Positive father involvement is a matter of gender equality in family life, and an important contribution to children’s health, development, and academic success. Most fathers deeply value their role and want to be involved co-parents, yet they often receive little help as they work towards this goal. Despite going into parenthood with every good intention, many men struggle with the gap between the kind of parent they hope to be and the kind of parent they are supported to be. This gap is created in no small part by a veritable tsunami of social forces that act to portray fathers as less capable, important, and willing caregivers. Social support for positive father involvement has not kept pace with changes in men’s hopes to be caring, involved fathers.

A particular focus for this project has been understanding, outreach, and support for Indigenous fathers. Indigenous fathers are under-represented in demographic, social, educational, and health surveys. They are similarly left out in the delivery of parenting and family support programs, child and family development, and child welfare. Yet they are an important stakeholder group and an often untapped resource for Indigenous children and youth. Low participation of Indigenous fathers in outreach efforts and programs for children is common. Requests from practitioners in Indigenous community agencies, especially in early childhood programs such as Aboriginal Head Start, provided impetus for a series of initiatives within ECDIP to explore Indigenous fathers' experiences. The ECDIP team receives countless calls from Indigenous fathers volunteering to be involved in studies of their experiences of fatherhood, in the words of one father: "Just to be able to tell our stories. To shine some light on the struggle that some of us Aboriginal men have to learn what it means to be fathers and how to stay connected with our children."
aboriginal fathers

Project goal

The goal of this project area is to open up Indigenous fatherhood as a new area of inquiry, community action, and policy reform.

A networked approach

This project area began with the first national study of father involvement in Canada, conducted from 2003 to 2009. It was a nationally networked project led by Dr. Kerry Daly at the University of Guelph, Ontario. The study involved over 50 community agencies and many hundreds of fathers. The project explored fatherhood in seven Canadian populations: Indigenous Fathers, New Fathers, Young Fathers, Immigrant and Refugee Fathers, Gay Fathers, Divorced Fathers, Fathers of Children with Special Needs. This national study provided the means for Jessica Ball to undertake the first research study in Canada about Indigenous fathers, conducted in partnership with two First Nations and two Indigenous-serving community agencies in B.C.

Project outcomes

Findings of the national study and related studies about father involvement in Canada have been captured in an edited volume (Ball & Daly, 2013).  With regards to Indigenous fathers, this path-seeking project highlighted challenges for many Indigenous fathers to maintain connections to their children and to feel confident in a fathering role.

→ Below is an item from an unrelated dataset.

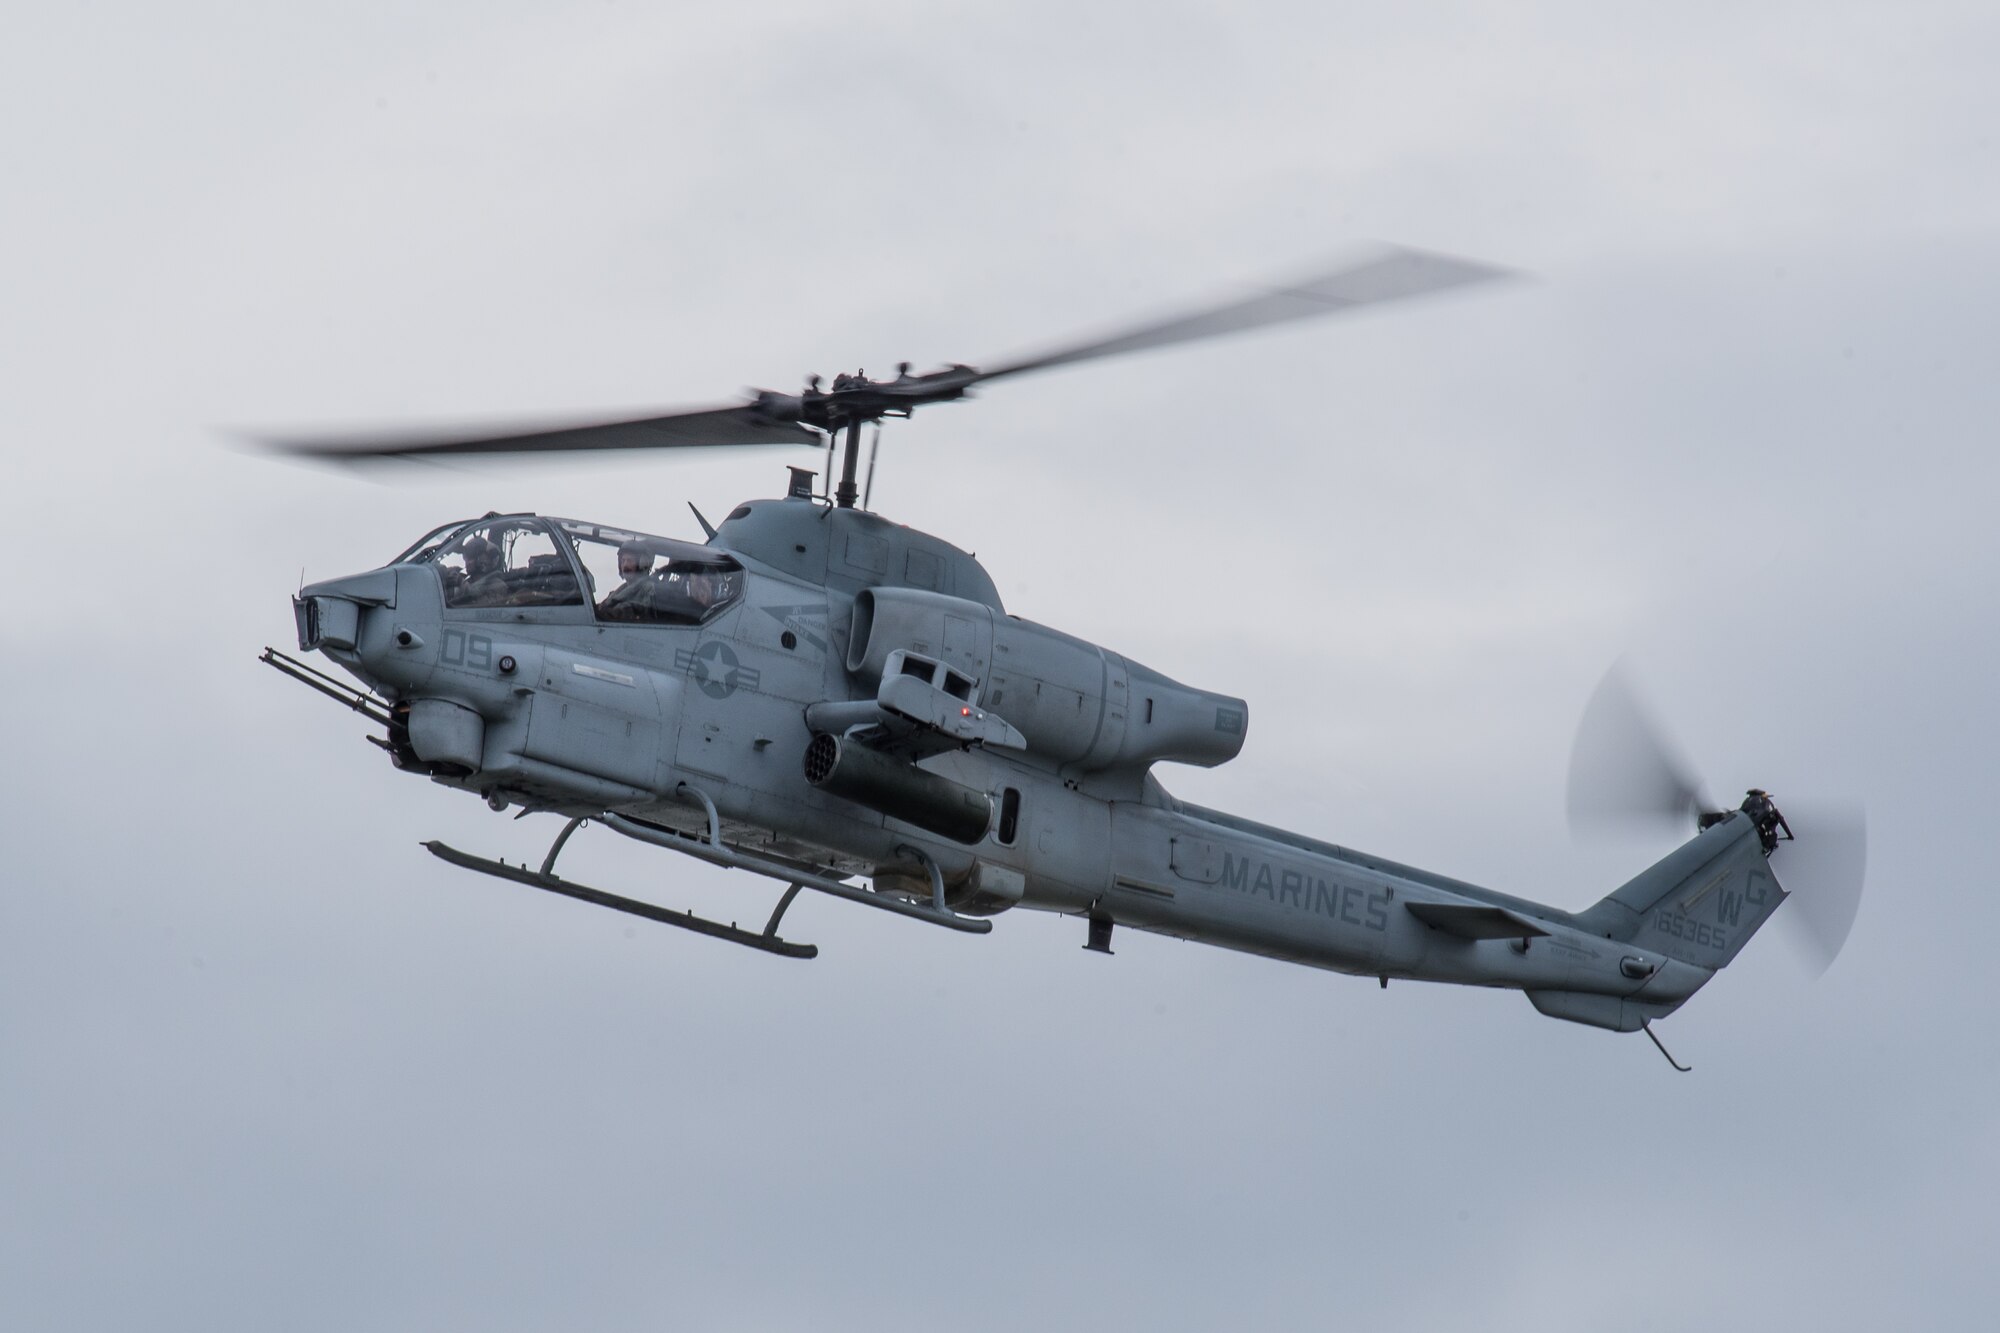 An AH-1W Super Cobra from the U.S. Marine Corps Light Attack Helicopter Squadron 773 at Joint Base McGuire-Dix-Lakehurst, N.J., performs an aerial demonstration during the Thunder Over Louisville airshow in Louisville, Ky., April 13, 2019. The Kentucky Air National Guard once again served as the base of operations for military aircraft participating in the annual event, which has grown to become one of the largest single-day air shows in North America. (U.S. Air National Guard photo by Dale Greer)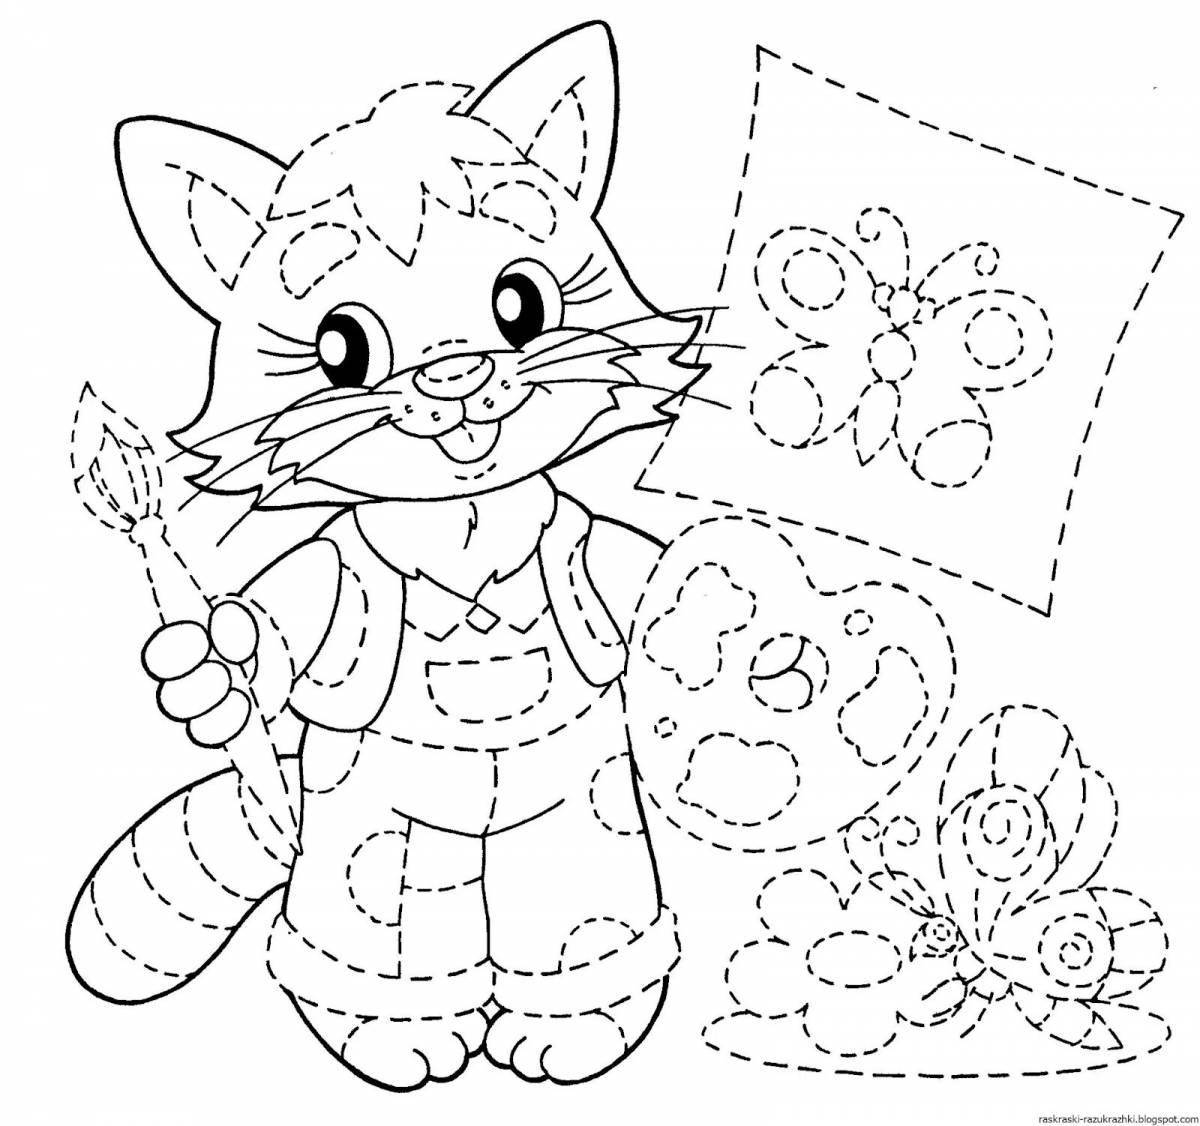 Exciting coloring page 6 years of development

While expressing a desire for more involvement with their children, many First Nations and Métis fathers identified several barriers: perceived role ambiguity; perceived bias toward mothers' involvement in infant, childcare, and parenting programs and services; interruptions in contact with children due to fathers' participation in work on trap lines or fishing boats far from home; residential treatment programs or incarceration that disrupt connections with children; and their own doubts about being suitable role models for their children. Residential school attendance and secondary residential school effects, combined with ongoing colonial policies and social discrimination, figured prominently in many Indigenous men's accounts of their experiences of being fathers.

This project area has brought attention to the needs and goals of Indigenous fathers in the partnering communities, in the fields of early childhood education, and child and youth care in Canada as well as internationally.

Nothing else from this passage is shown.